Criticism has also come from within the Conservative Party. Former prime minister Liz Truss has argued that 'non-statutory guidance will provide insufficient protection and clarity'. Only a change in the law will do, she says. To this end, Truss introduced a Private Members' Bill earlier this month that would clarify the meaning of sex in law and ban children from accessing cross-sex hormones. Theoretically, this would neuter a great deal of the trans lobby's agenda. But without the support of the government, her bill seems fated to fail.
Meanwhile, some on the Labour benches have frothed that the guidance represents a return to Section 28 of the Local Government Act – the late-Eighties law that tried to ban teachers from 'promoting' homosexuality. Kate Osborne MP has made the disingenuous claim that, 20 years after Section 28 was finally repealed, the Tories are now 'trying to effectively ban trans kids from existing'.
Predictably, trans lobby groups – many of whom make money from delivering trans training to teachers – are also furious. Beleaguered trans charity Mermaids wrongly claims that the guidance would 'automatically' exclude 'trans pupils from facilities' and ban them from sport. In truth, students will simply be expected to use the facilities and play in the sports teams that correspond with their sex. If followed, this recommendation would protect girls who, in some schools, have been expected to share changing rooms, dormitories and toilets with boys. Excluding boys from girls' sports will also reduce girls' risk of injury.
Mermaids has made one reasonable prediction, however. In a statement yesterday, it claimed that the 'overwhelming majority of teachers and parents' will 'disregard these discriminatory guidelines'. Indeed, some trans activists have explicitly called on teachers to do so. This could render the guidance toothless.
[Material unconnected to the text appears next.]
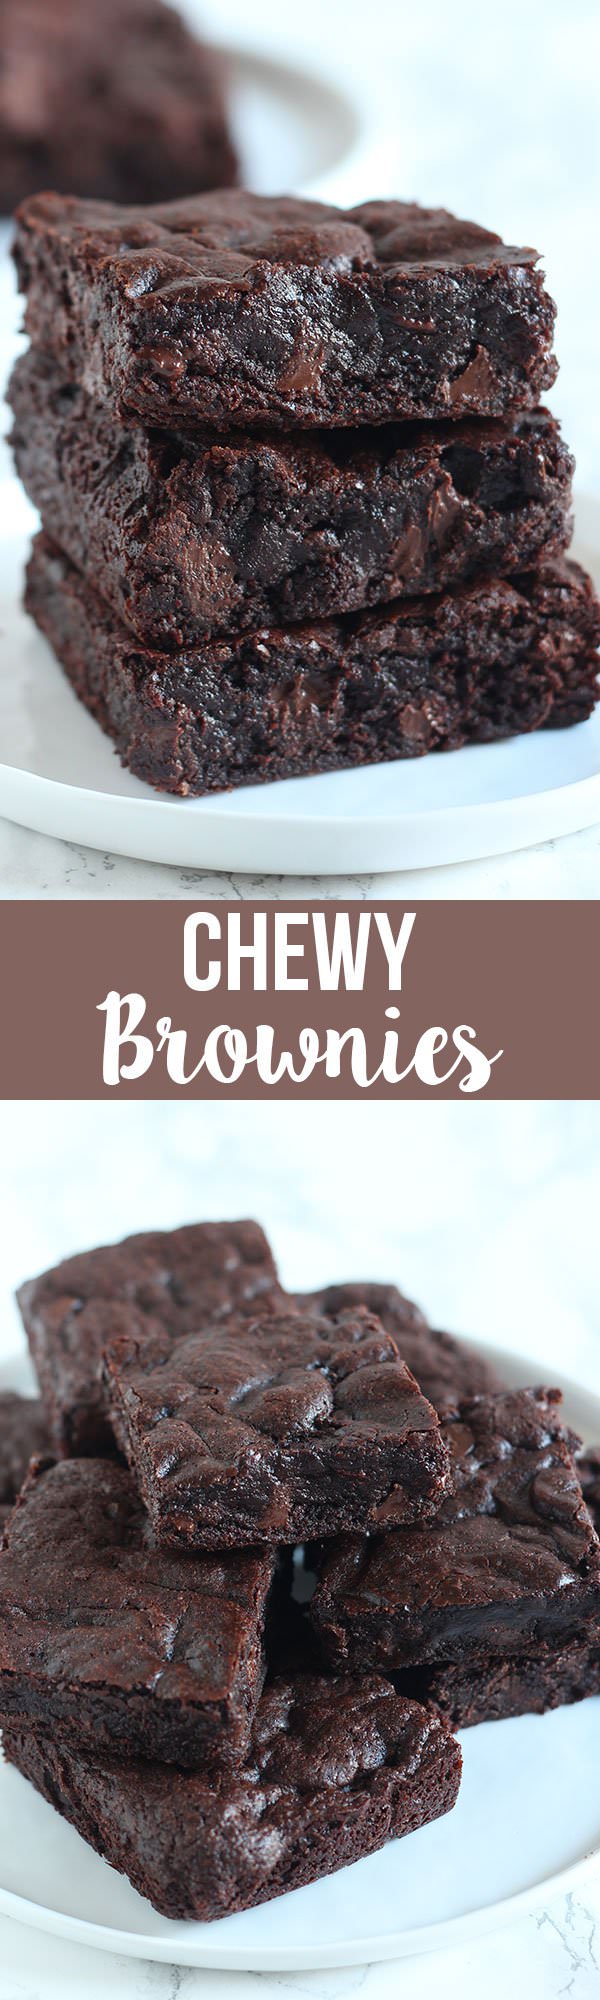 If you love box mix brownies, you’ll love these chewy chocolate brownies for their chewiness and easy to make recipe.

Could the government have tightened up the loopholes in the guidance? Perhaps. Earlier in the year, Badenoch sought legal advice on instituting a total ban on social transitioning in schools. But this more hardline approach was blocked by attorney general Victoria Prentis, who argued it was potentially unlawful. Without new legislation, it seems unlikely that the guidance could have gone much further than it has.
Still, for all the shortcomings of the government's approach, the advice itself is based resolutely on common sense. Ultimately, if the guidance holds, this will benefit everyone studying and working in a school. If it spares just one family the horror of finding out that teachers have 'affirmed' their child in the delusion that they are the opposite sex, it will be worthwhile. If it prevents one teenage girl from binding her breasts and injecting hormones bought online, then Badenoch and Keegan's plan will have been a success.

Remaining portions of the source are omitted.